Apr 6, 2012

We know what you’re thinking

We’ve already established here at WAS that we advertising professionals are conceited, egotistical, obnoxious, self-important, artistically frustrated, unfulfilled douche bags. So it comes as no surprise that one of the many things I hate about ad people is our Ivory Tower attitude toward the coveted target audience.


I secretly throw up in my mouth every time I sit at a meeting and listen to some Executive or Creative talk about what other people want and think. In Conference Room A is an ultra conservative, right-wing Ivy League WASP dude talking about how poor inner-city black kids feel and think about fashion; in Conference Room B is the power-hungry closet lesbian pushing 50, talking about which clubs the kids are hitting these days.


It’s one thing to look at market research to get a pulse on what people who are not like you thinking and doing. It’s quite another to ASSUME you know everything, especially what a working-poor single mother of three must deal with, when you have a live-in staff that takes care of your kids, does the cooking and cleaning. We are so cultured, so highly trained, so in tune with what’s hip and now, that we can instinctively tap into the minds of groups of people we’ve never had any contact with.

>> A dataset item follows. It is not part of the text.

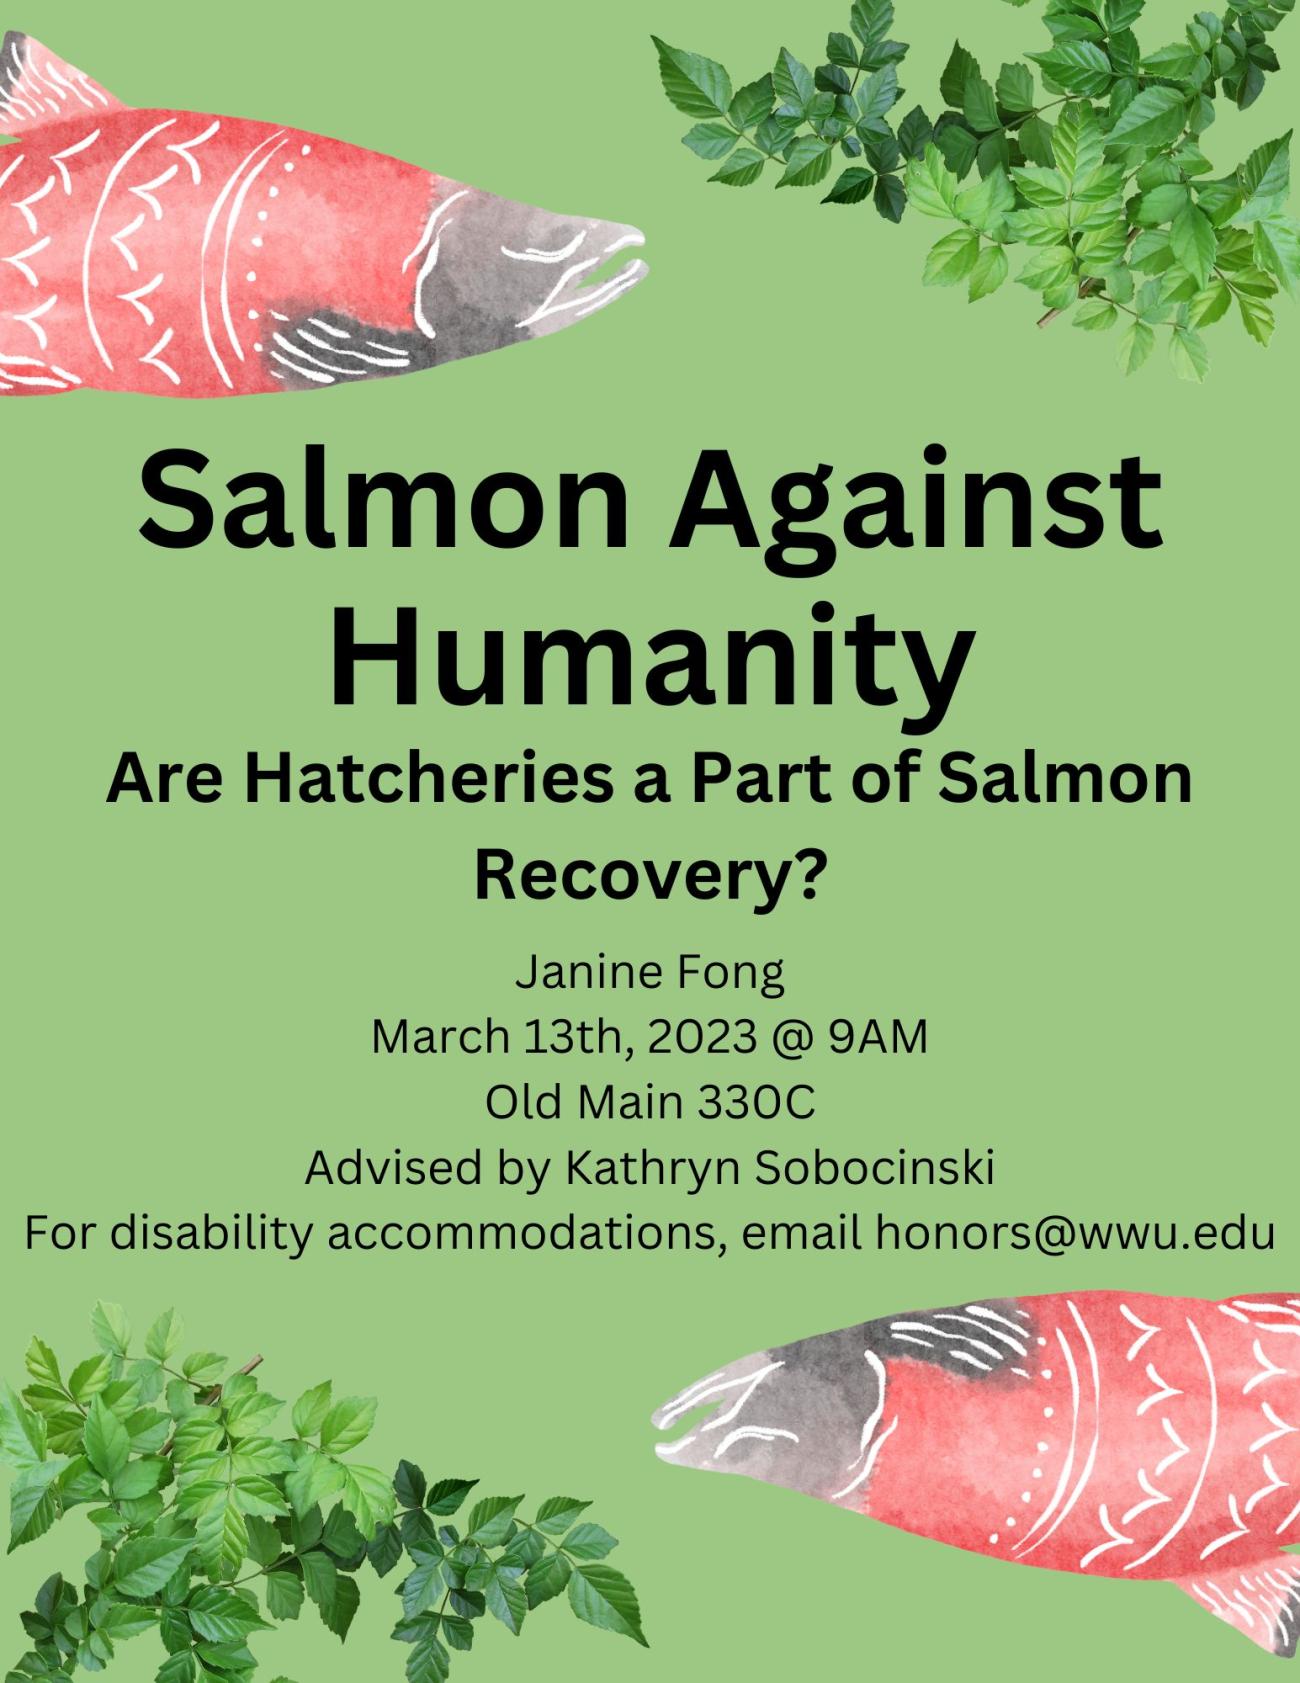 A green poster with two illustrations of salmon and two plants. The text reads: "Salmon Against Humanity. Are hatcheries a part of salmon recovery? By Janine Fong, presented on March 13th, 2023 at 9am in Old Main, room 330C. Advised by Kathryn Sobocinski. For disability accommodations, please email honors@wwu.edu."

Allow me to name names: In my market, Scion is an automotive brand very popular among the urban poor, particularly wannabe gang-bangers who can pimp their ride for less. Of course, this is not a desirable/prestigious demographic for the brand managers at Scion. They see themselves – and therefore project Scion – as a hip, counter-culture, forward thinking, neo-art brand. The result? Very cool ads and promotional events that do not resonate with Scions actual shoppers.


This is perhaps the main reason why so much advertising is awesome, but way off mark. I pose the following theory: We subconsciously create advertising to impress our peers, not sell to our target audience. We are so infatuated with our own genius and want to show it off, that we forget the purpose of the job – to sell stuff.

Of course, one may argue that there’s an aspirational quality to projecting a brand image that’s a few notches above your audience’s reality, but I’ve been at the meetings and seen the thought process. The people at Scion whole-heartedly believe their own bullshit. And so do many clients. And that’s the scary part.